----- DATA
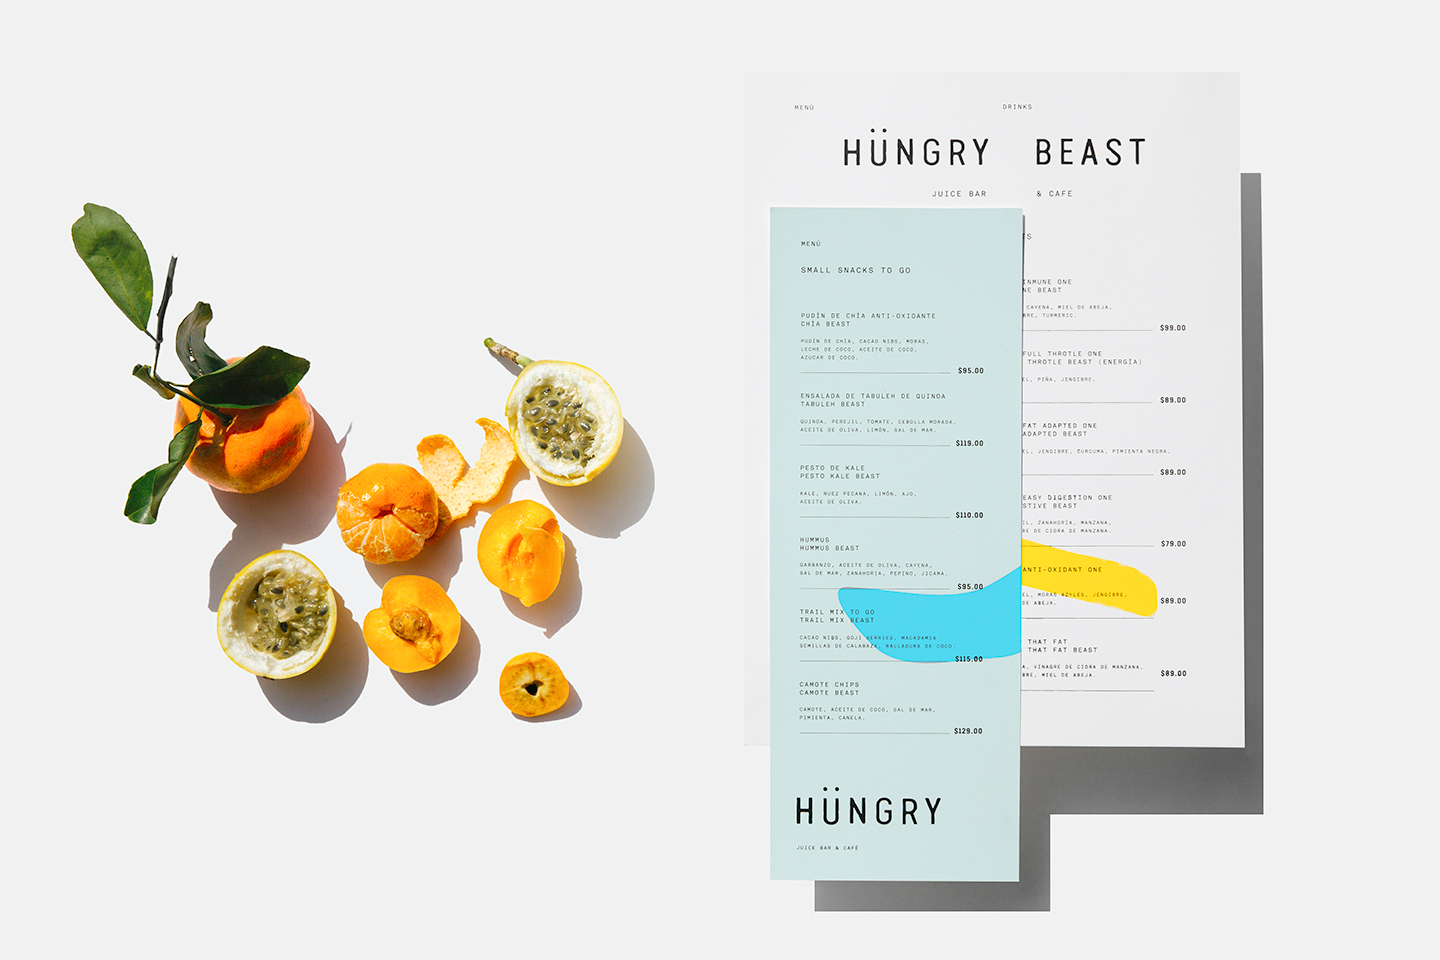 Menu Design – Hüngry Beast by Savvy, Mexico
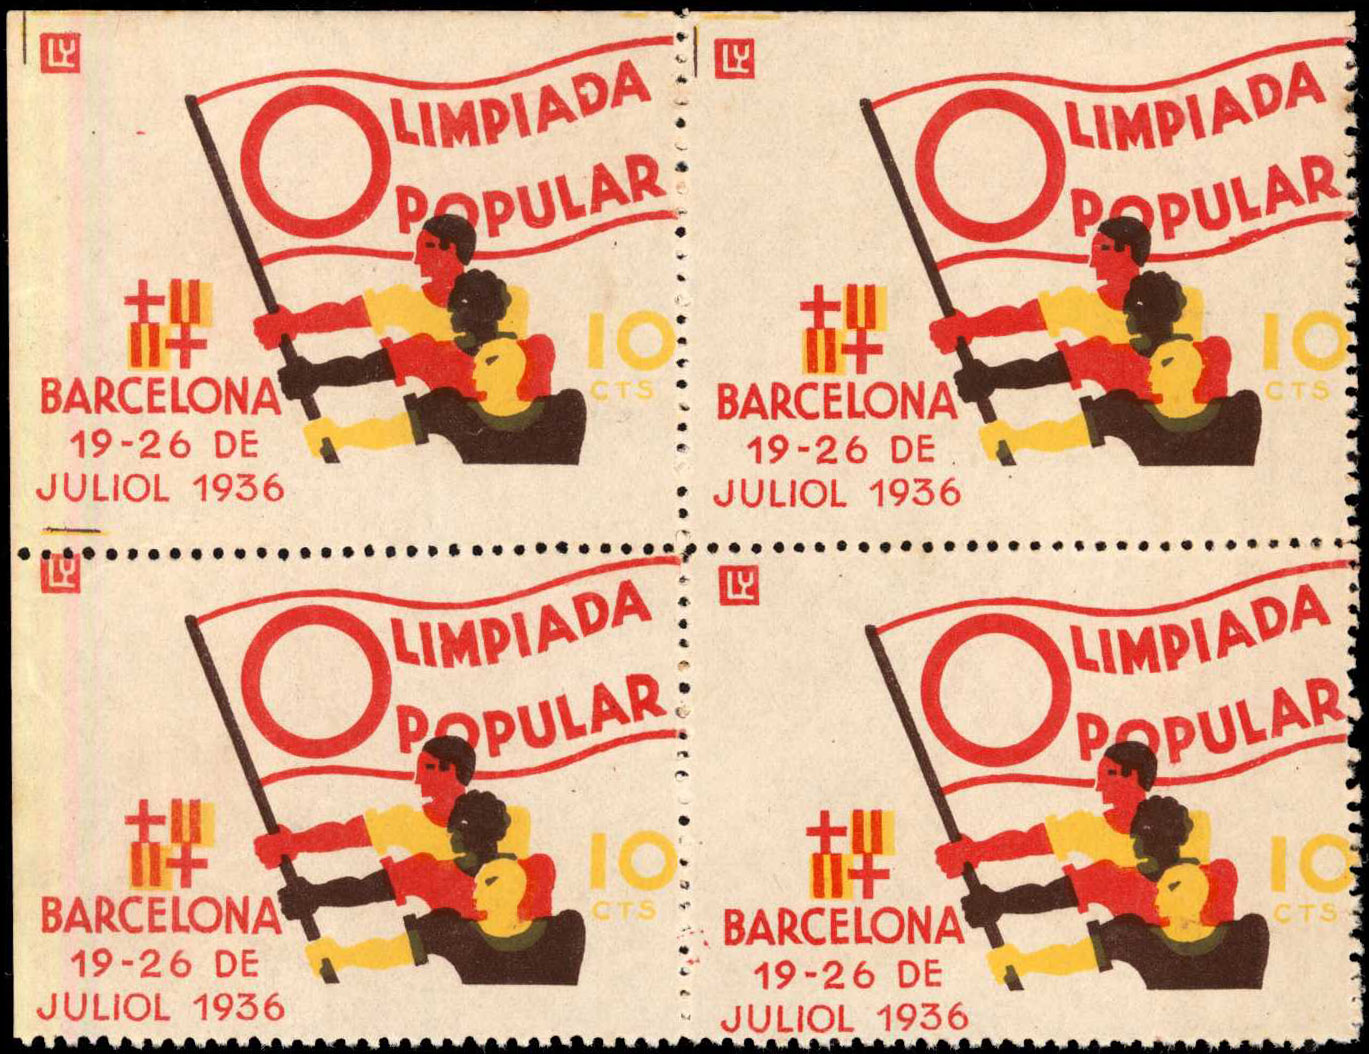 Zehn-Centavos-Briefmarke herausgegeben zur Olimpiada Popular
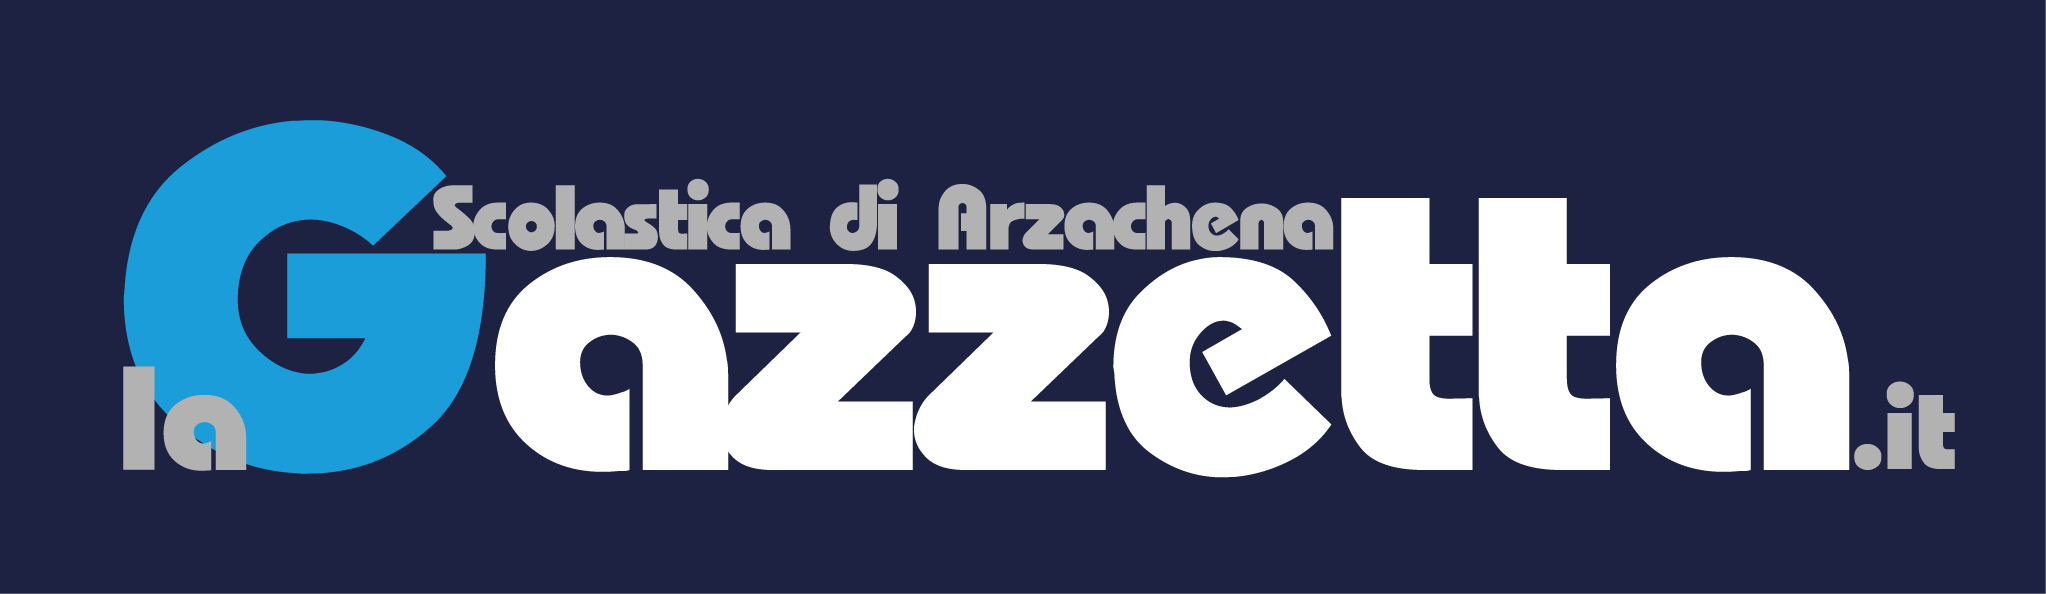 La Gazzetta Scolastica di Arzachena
----------
● REQUIRED WORK
Reproduce the lines above exactly, image-free.

● ANSWER TO THIS TASK
 Menu Design – Hüngry Beast by Savvy, Mexico
 Zehn-Centavos-Briefmarke herausgegeben zur Olimpiada Popular
 La Gazzetta Scolastica di Arzachena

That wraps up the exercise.